In keeping with their belief in torture, Fox made me sit through several more stories before they got around to blaming Saturday Night Live for the collapse of McCain's campaign. Michelle Malkin, openly sneering at McCain's acknowledgment of Obama's basic human decency, covered a story in an unnamed "British tabloid" alleging strife between McCain and his VP nominee over strategy. (That "tabloid", incidentally, turns out to be the London Times). Malkin, of course, sided with the Sarahcuda in this purported disagreement over attacks on Obama. Said Malkin: "When we ask him to take off the gloves, we don't mean to put on the Hello Kitty mittens!"
A brief weird news (OK, all their news is weird) interlude followed, about "Texting Elephants": actually Kenyan efforts to tag elephants with collars that send alert messages to text phones when the elephants get out of control and stray from their range. Naturally, the Fox anchors questioned their guest, Political Science professor Larry Sabato, about this story, leaving him speechless (and missing a great opportunity to note that these gadgets could have saved the US from rampaging GOP elephants). Sabato was then quizzed on the story I was waiting for, an anticlimax which turned out to be a resurrection of an old Washington Times story, claiming SNL's "unfair" portrayal of Sarah Palin had swayed millions of independent voters against the McCain ticket.
This was as much as I could take of Fox, so I decided to check out CNN. Above a constantly running crawl featuring McCain's vow to "whip" Obama's "you-know-what" (a comment that cries out that "that boy" was just barely suppressed from it), author Amity Shlaes was touting her book "The Forgotten Man" and its thesis that Franklin Roosevelt and the New Deal wrecked the American economy and worsened the Depression.
CNN then brought on a right-wing hack, masquerading as an objective observer under the deceptively-named aegis of the "Ethics and Public Policy Center". He is talking about Obama's dangerous radical associations. Is this Stanley Kurtz? I don't know. I don't stay long enough to find out. Time to check MSNBC again.
MSNBC is covering a Wall Street Journal op/ed blaming Obama for the stock market crash (a comment, incidentally, that I'm unable to find on their site).

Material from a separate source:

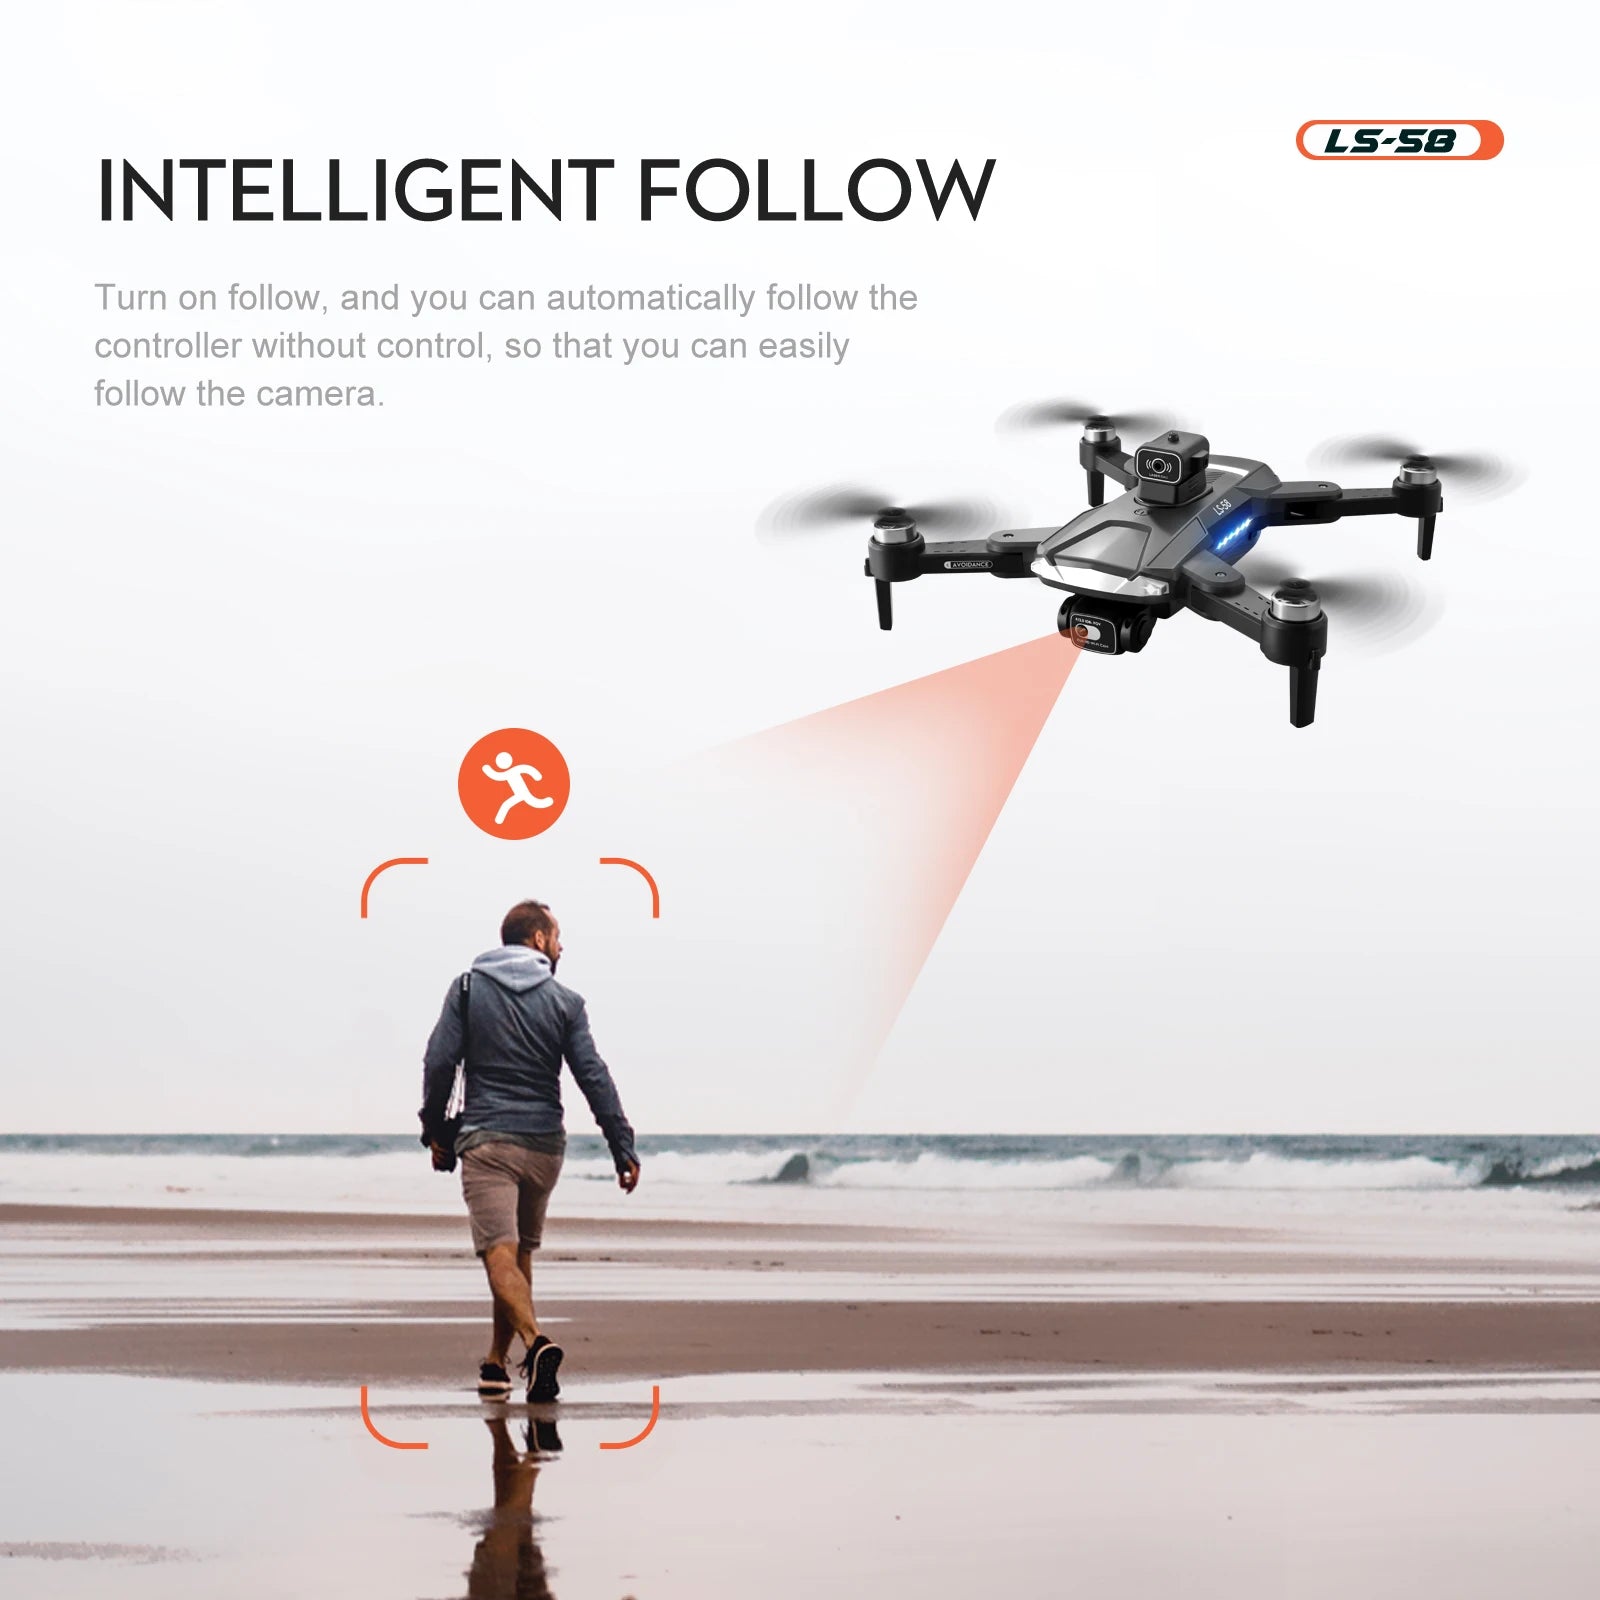 LS58 Drone, ls-5o intelligent follow turn on follow; and you can
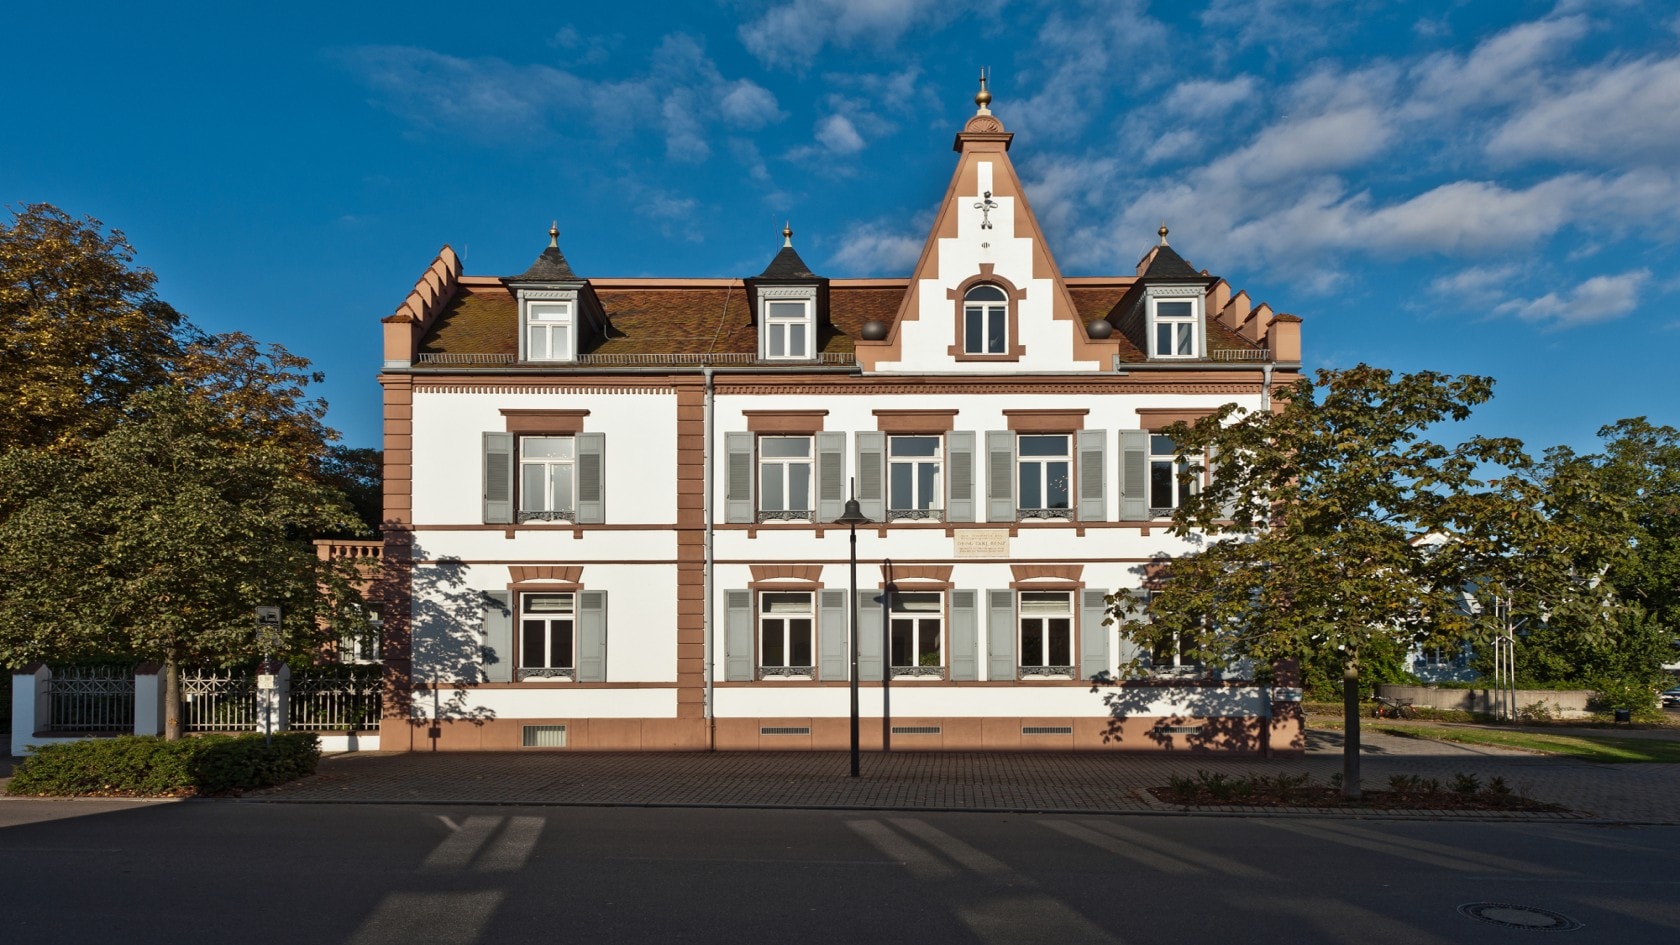 Investing extensive efforts in renovation, in 1985 Daimler-Benz AG restored the Benz House in Ladenburg, the last residence of inventor Carl Benz, to almost original condition

Enough. I'm swearing off morning TV to write this blog, warning everyone not to watch it.
As I finish this up, Fox News is discussing the Hustler porn parody of Sarah Palin, and whether people might think it was actually Sarah Palin. (Well, people who watch Fox News, perhaps.) They note that Fox News is parodied as "Faux News", which they spell, but are unable to pronounce. Bless their hearts.
It's bad enough when the public is ignorant. It's worse when the news increases their ignorance.